Ekonominiz iyi, en parlak 10 pazarımız içindesiniz

Güncelleme Tarihi:

Ekonominiz iyi, en parlak 10 pazarımız içindesiniz
Oluşturulma Tarihi: Kasım 04, 2007 00:00

Açık hava sporları için tasarlanan outdoor giyimin önde gelen markalarından Camel Active’in Başkanı Eric Sperber, yılda 150 bin ayakkabı satışı gerçekleştirdikleri Türkiye’nin faaliyet gösterdikleri en parlak 10 pazar arasında yer aldığını söyledi.

Sperber, "15 yıl öncesine oranla çok daha açıksınız. Ekonomi de iyiye gidiyor. Yılda yüzde 20 büyüme hedefliyoruz" dedi.

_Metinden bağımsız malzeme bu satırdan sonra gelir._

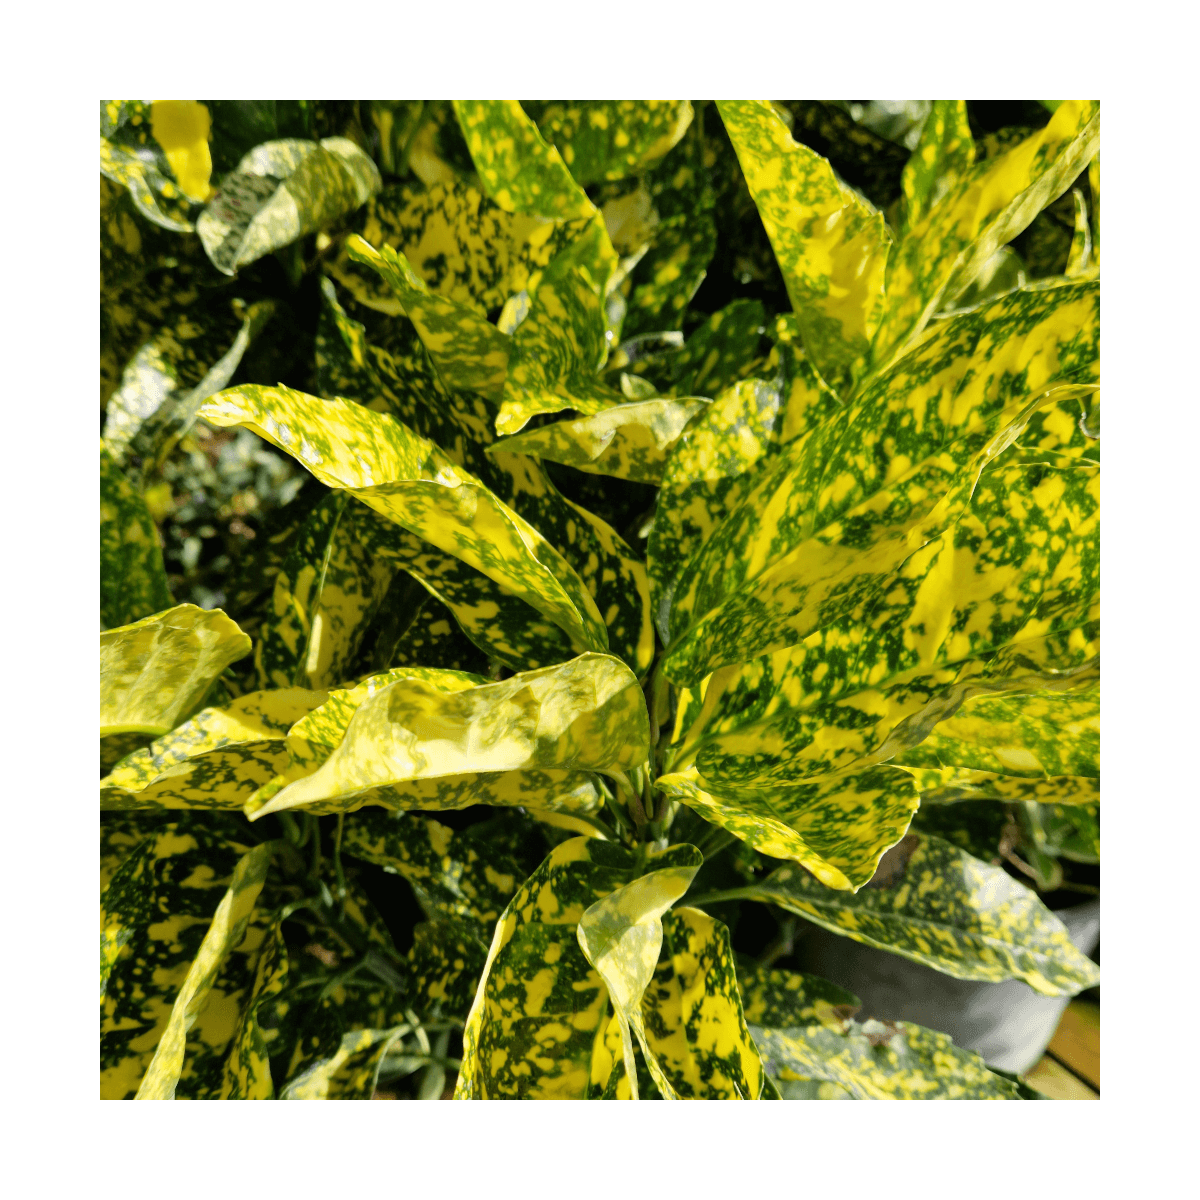 Aucuba du japon crotonifolia/aucuba japonica 'crotonifolia'[-]pot de 7,5l - 60/80 cm

DAĞCILIK, treking gibi açık hava sporları için tasarlanan outdoor giyimde dünyanın önde gelen markaları arasında yer alan Camel Active’in Başkanı Eric Sperber, yılda 150 bin ayakkabı satışı gerçekleştirdikleri Türkiye’nin faaliyet gösterdikleri en parlak 10 pazar arasında yer aldığını söyledi. Şu an 10 konsept Camel Active mağazasının bulunduğu Türkiye’de her yıl yüzde 20 büyüme hedeflediklerine dikkat çeken Sperber, "15 yıl öncesine oranla çok daha açıksınız. Ekonomi de iyiye gidiyor. Hem üretim, hem de satış için büyük potansiyel taşıyan iyi bir pazarsınız" dedi.

MARKA OTURDU: Türkiye pazarına ilk kez 15 yıl önce girdiklerine ancak daha sonra satışlarını durdurduklarına dikkat çeken Sperber, "O yıllarda pazarda büyük boşluk vardı. Yanlış distribütör, lojistik hatalarla birleşince pazardan çıkmak zorunda kaldık. Ancak, 2004 yılında pazara Promar Grup’la yeniden döndük. Sonuçtan memnunuz" dedi. Dünyada 11 binden fazla satış noktalarının bulunduğunu belirten Sperber, "Türkiye’de ilk yıllarda kazandığımızın yüzde 80’ini yeniden yatırıma dönüştürmek zorunda kalıyorduk. Artık marka oturduğu ve kendi ayakları üzerinde durabildiği için sadece yüzde 10’luk yatırım yeterli olabiliyor" dedi.

FELSEFE YAKIN: Camel Active’in özellikle 18-35 yaş arası, dünyayı dolaşan, takım ruhunu temsil eden, yaşadığı yerleri keşfedenlere yönelik olduğuna dikkat çeken Sperber, "Bu arkadaşlık, dostluk ve sıcak ilişkiler felsefesi Türkler’e çok yakın geliyor. Bu yakınlık satışlara da yansıyor. Ayakkabının yanısıra tekstil alanında faaliyet gösterdiğimiz Türkiye’de yılda 30-40 bin parça da tekstil satışı gerçekleştiriyoruz" dedi.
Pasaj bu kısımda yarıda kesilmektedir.